The great debate: to shave or not to shave

DOVER-FOXCROFT — “If you want to play, you’ve got to shave.”
That’s the line running through my head as I looked in the mirror at a fellow firefighter’s apartment, shaving cream smeared over my goatee and razor in my hand. If I wanted to join the LP training session at the former Moosehead Manufacturing campus on Monday night, I had to be clean-shaven so my air mask would create a seal around my face.
I hadn’t shaved off my goatee on purpose since my wedding day in 2005 — there was that time in 2006 it came off, but that’s because the neighbor decided it would be a great idea to light off M-80 firecrackers in a sofa near my apartment just at the moment I was pulling a razor near my chin. I remember that morning all too well.
BOOM!
It was in that instant that half my chin became painfully exposed. Thankfully it was only hair that was removed and not half my face. I tell you, I was sure glad when the city finally disposed of that sofa. I could at least shave knowing that travesty would not happen again.

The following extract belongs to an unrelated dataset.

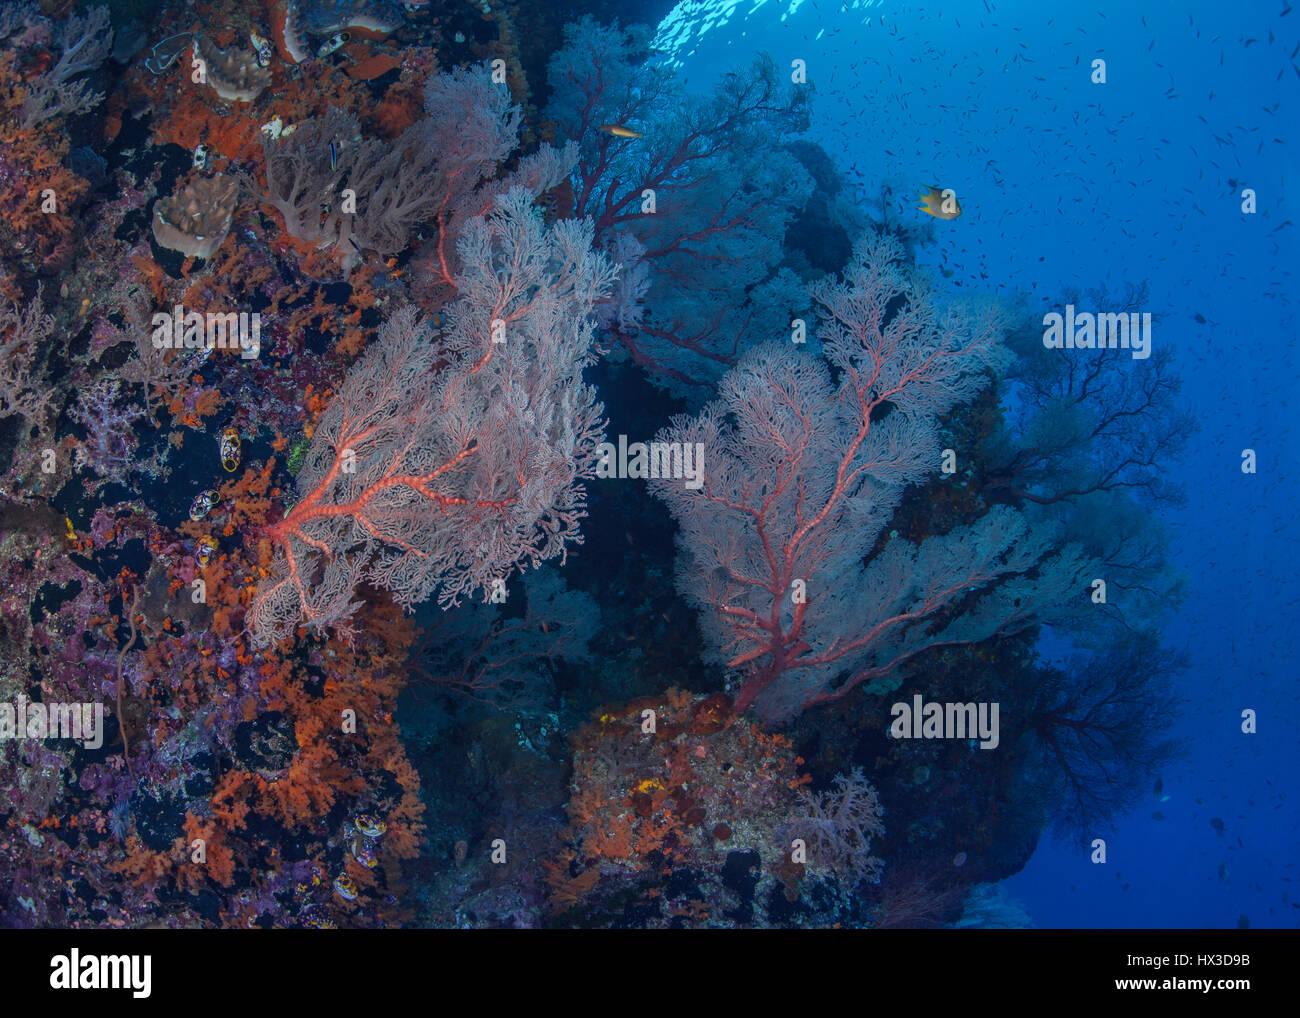 Korallenriff-Wand von leuchtenden Meer Fans bevölkert. Raja Ampat, Indonesien. Stockbild

I’m not the type that has some kind of emotional connection to facial hair. I just started sporting a goatee back in college to make me look older so I could get into the bars easier. It was a necessity then that just stayed with me all these years.
Anyway, back to Monday. If I wanted to train, I had to shave.
I couldn’t believe that my arm started to move on its own, taking off the fuzz above my lip. Five minutes later, I cleaned up the last remnants of my goatee, washed the remaining shaving cream off my face and looked back in the mirror and couldn’t recognize the man in the mirror.
It would all be worth it, I kept telling myself. I stood in the back listening to the pre-drill instructions, rubbing my face as if that would help speed up the hair-growing process. After the instructions were done, we split up in four-person attack teams and I began to get ready for my first major firefighter training exercise.
Maybe shaving would be worth it after all.
That’s when our fire chief remembered I’m not air-pack certified, therefore making me ineligible to participate.
So while 38 other firefighters from Dover-Foxcroft, Milo, Charleston and Brownville took turns attacking a LP training exercise, I stood off to the side, wearing my turn-out gear, with my camera and notebook taking notes for a newspaper story.
All I could think of the whole time was, 1.) I need to get that air-pack training ASAP; and 2.) if all I was going to do was be a reporter, I would have left the goatee on.